WHAT YOU NEED TO DO: For any picture in the lines below, please leave it out and copy the rest exactly.

GIVEN DATA:

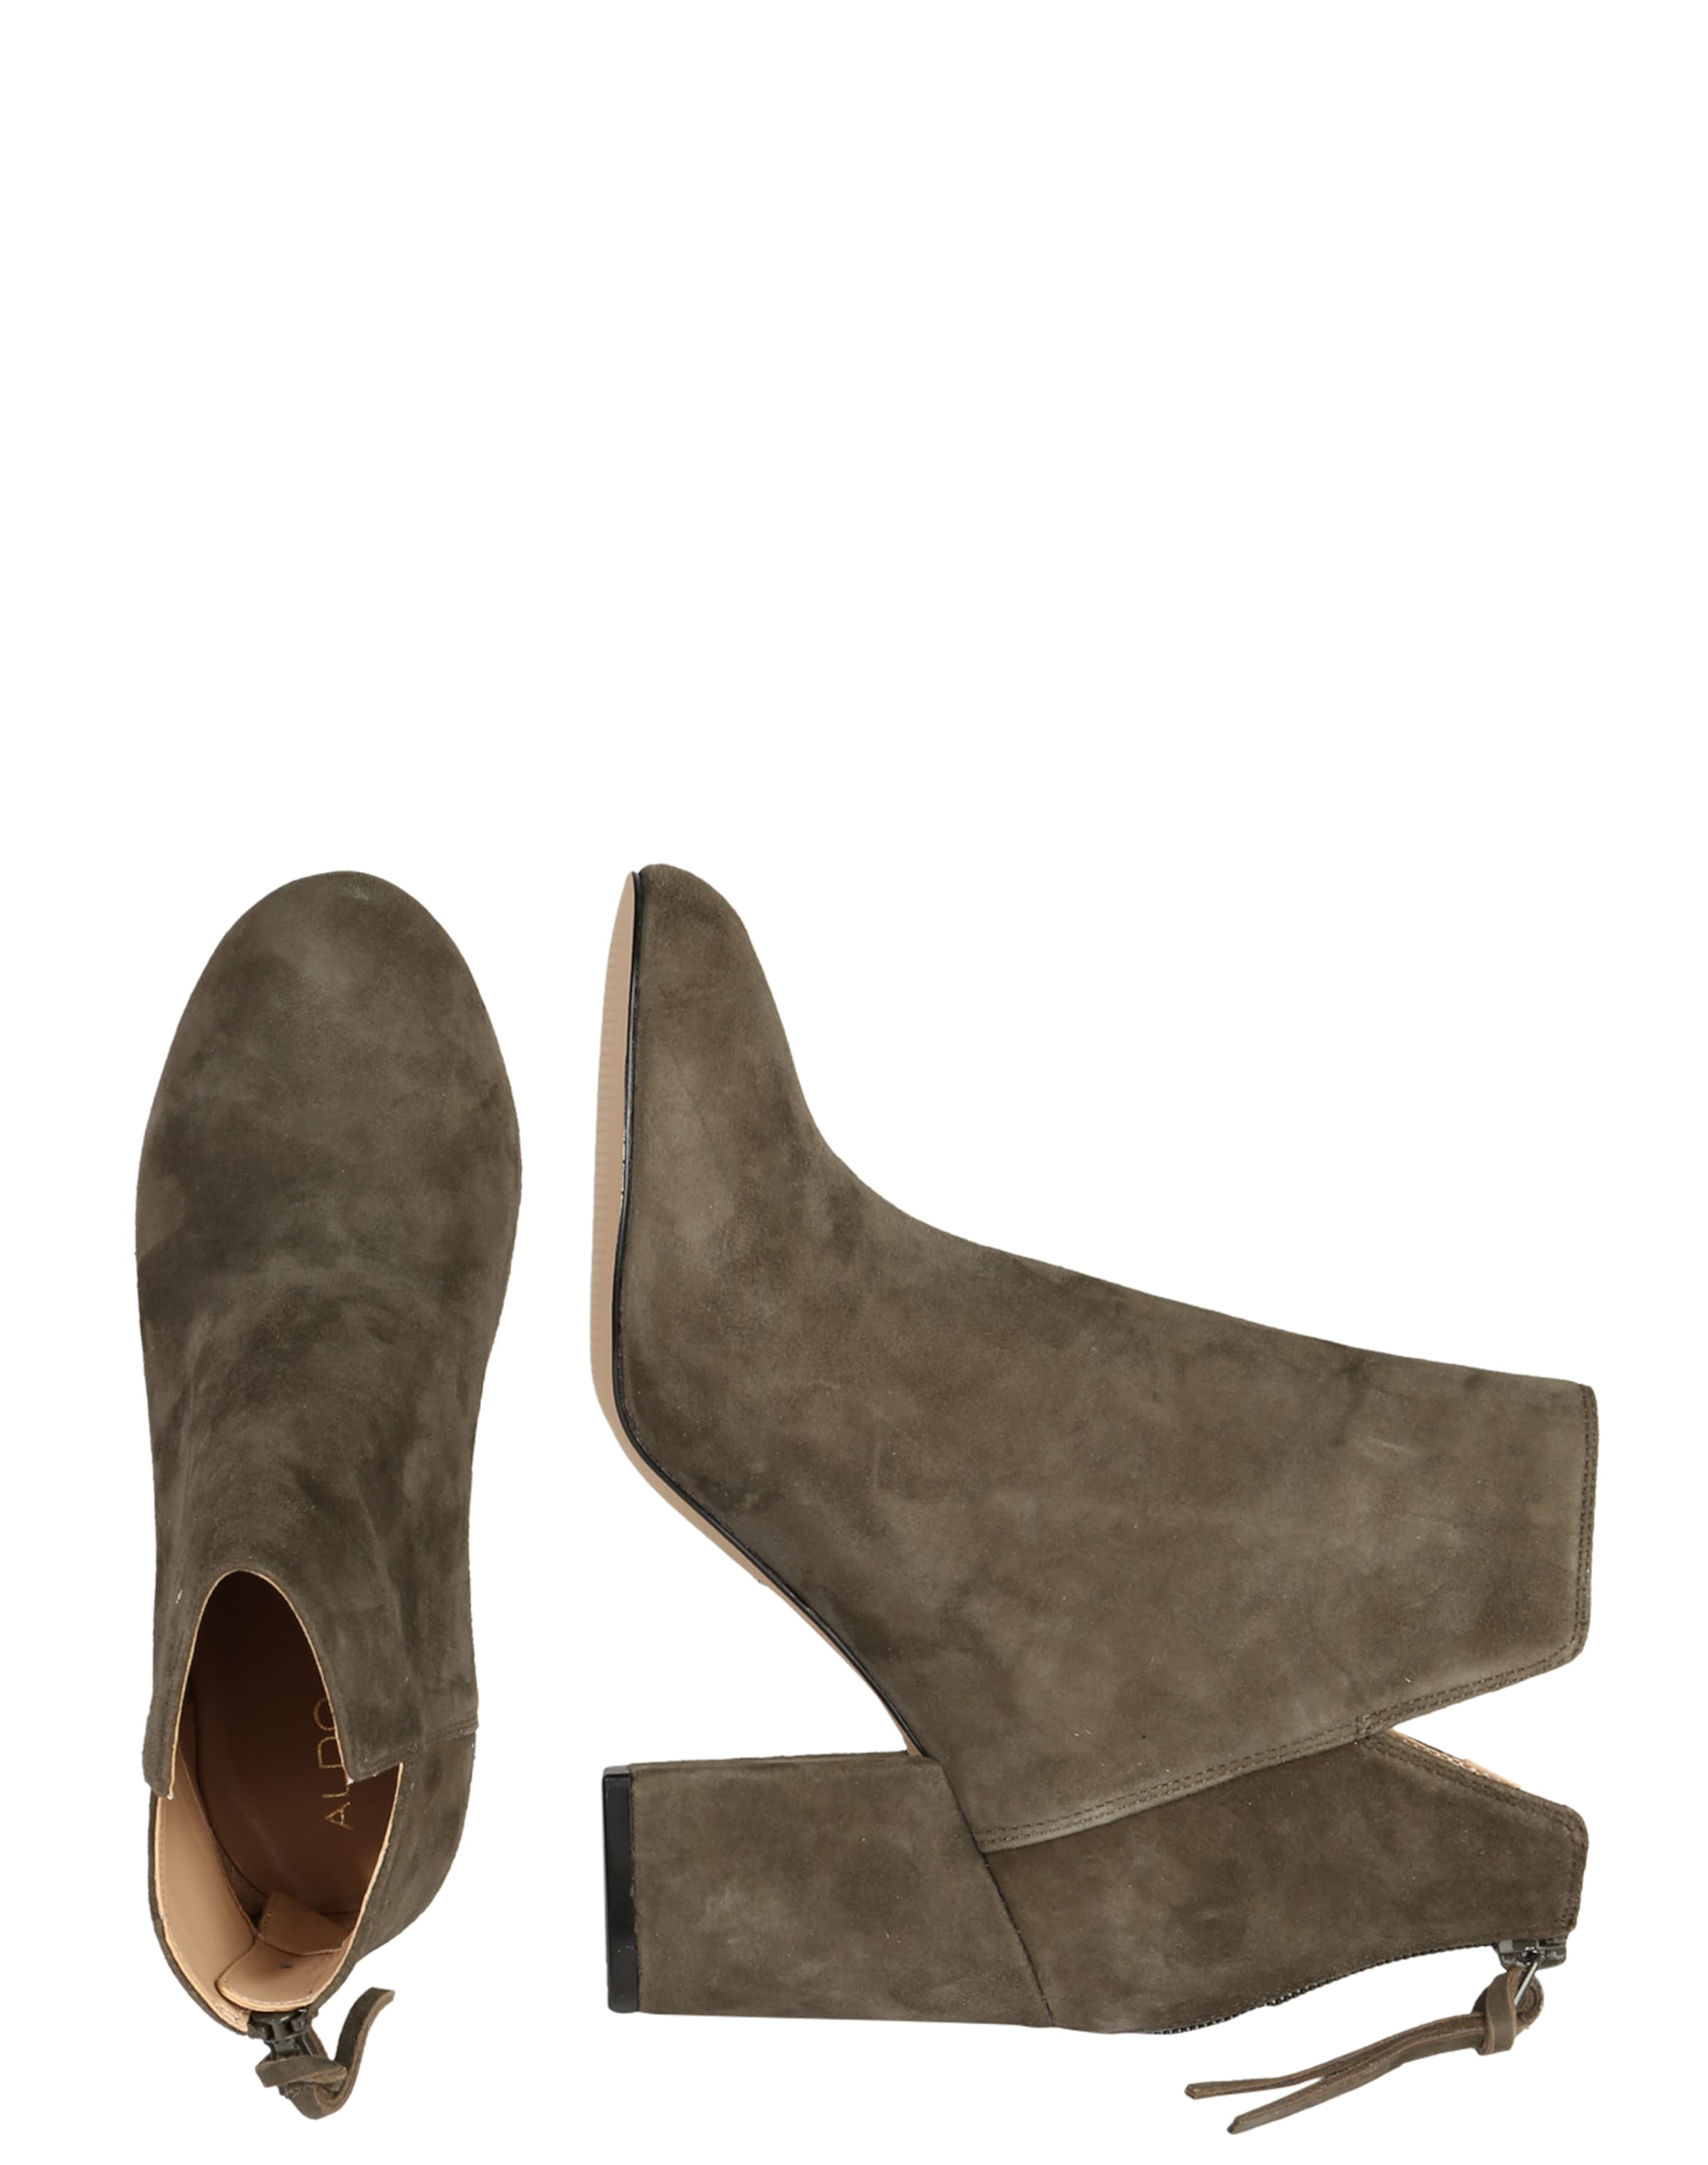 ALDO Ankle Boots 'Dominicaa' Billig Exklusiv Countdown-Paket Zum Verkauf Verkauf Günstig Online Spielraum Neue Ankunft aUXIK7
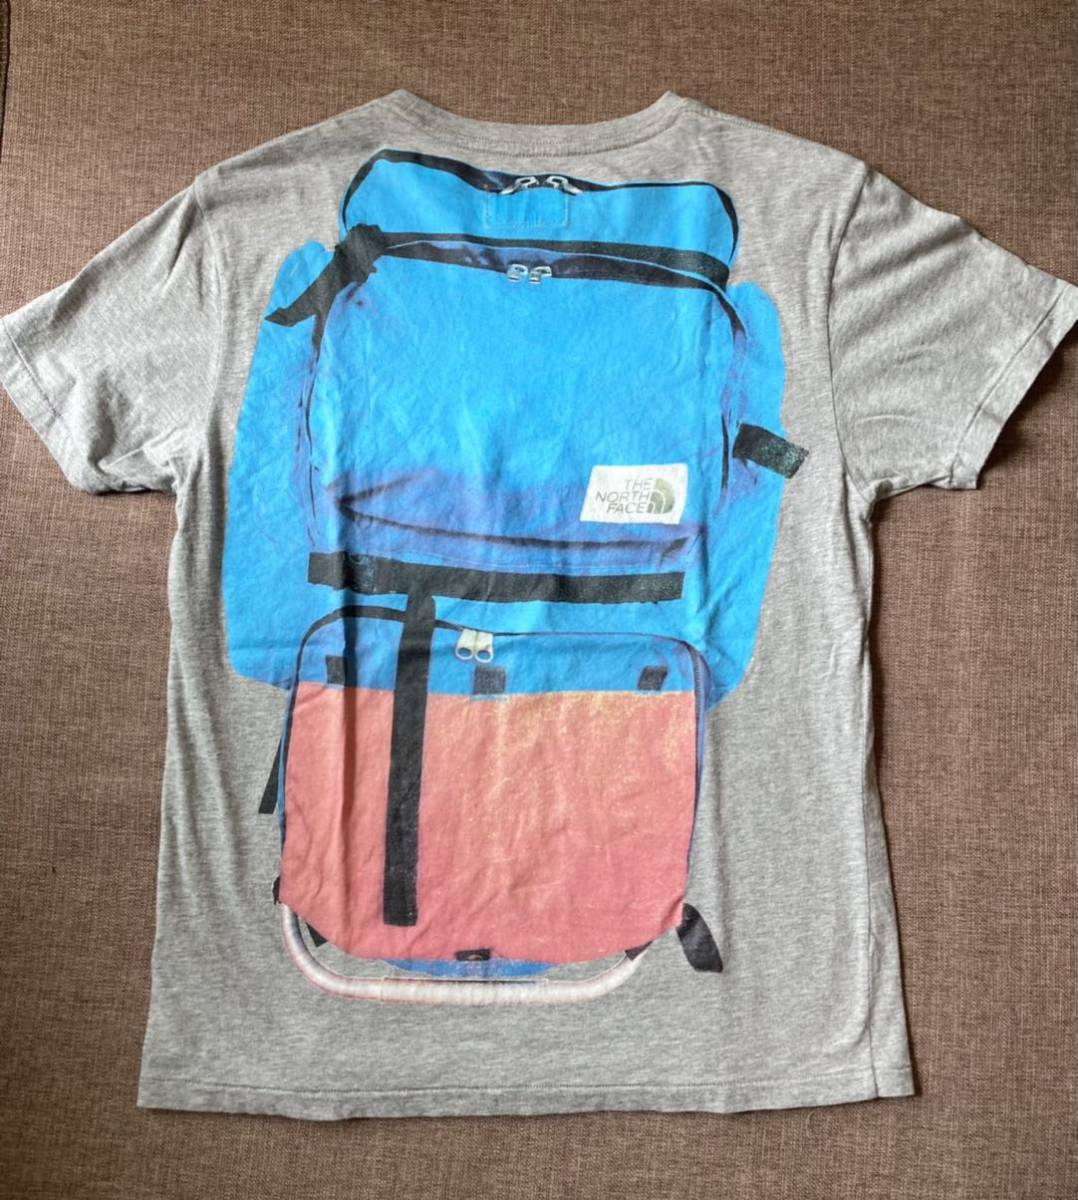 The North Face ザ・ノースフェイス ビンテージ レア Tシャツ S デイパック リュック バッグパック フォトプリント 騙し絵
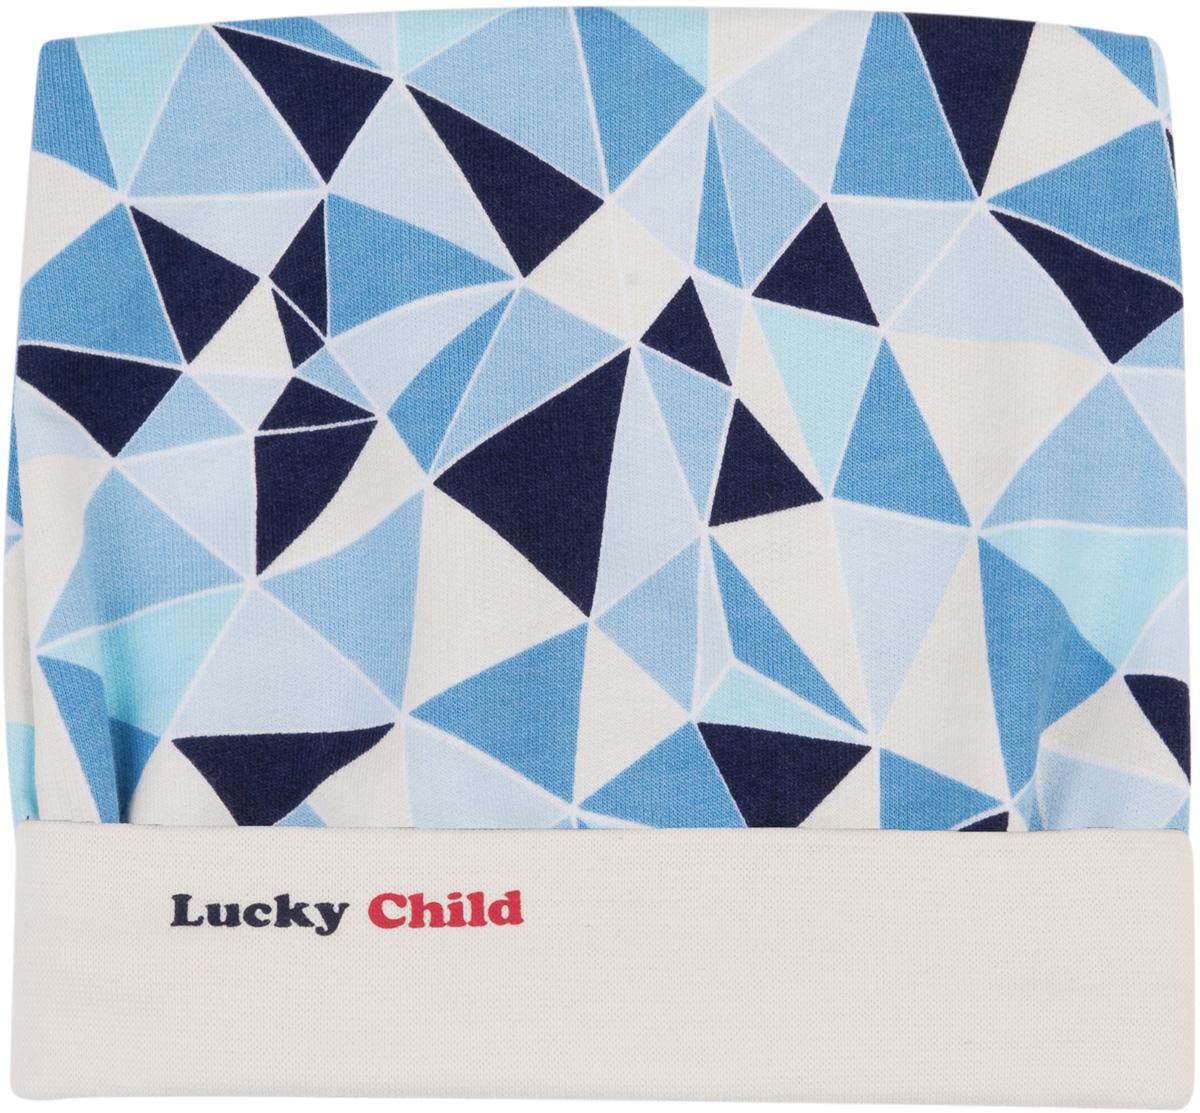 Шапочка для мальчика Lucky Child, цвет: голубой, синий. 32-9ф. Размер 4232-9фШапочка выполнена из футера высшего качества, благодаря этому она будет держать форму и не выцветать. Резиночки этой модели хорошо прилегают к личику малыша и обеспечивают защиту ушек от ветра и холода.
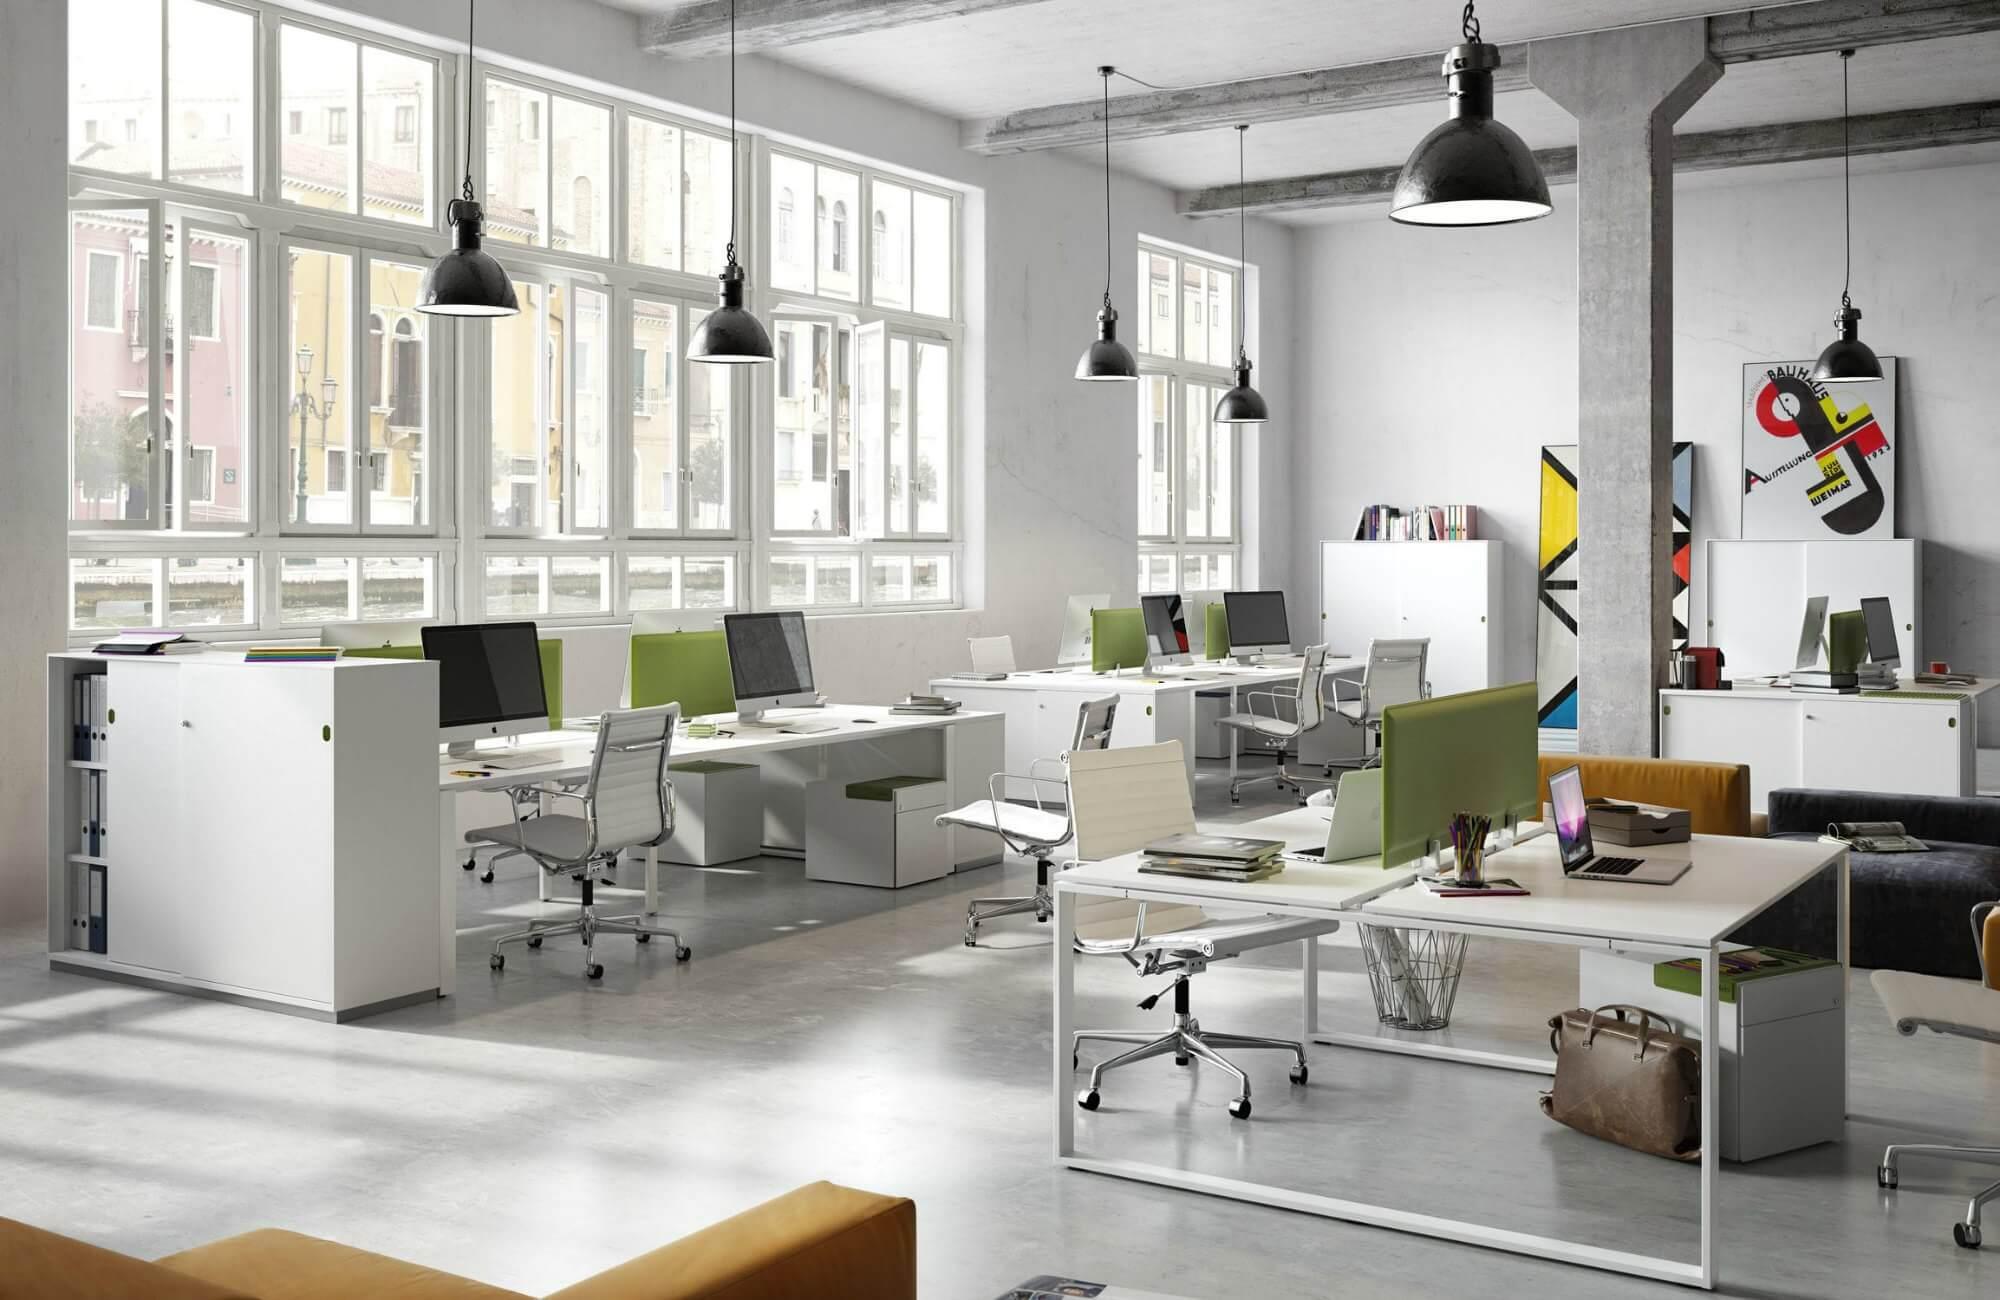 Dieffebi muebles oficina adeyaka bcn 1 adeyaka bcn for Muebles bcn

SOLVED EXERCISE:
 ALDO Ankle Boots 'Dominicaa' Billig Exklusiv Countdown-Paket Zum Verkauf Verkauf Günstig Online Spielraum Neue Ankunft aUXIK7
 The North Face ザ・ノースフェイス ビンテージ レア Tシャツ S デイパック リュック バッグパック フォトプリント 騙し絵
 Шапочка для мальчика Lucky Child, цвет: голубой, синий. 32-9ф. Размер 4232-9фШапочка выполнена из футера высшего качества, благодаря этому она будет держать форму и не выцветать. Резиночки этой модели хорошо прилегают к личику малыша и обеспечивают защиту ушек от ветра и холода.
 Dieffebi muebles oficina adeyaka bcn 1 adeyaka bcn for Muebles bcn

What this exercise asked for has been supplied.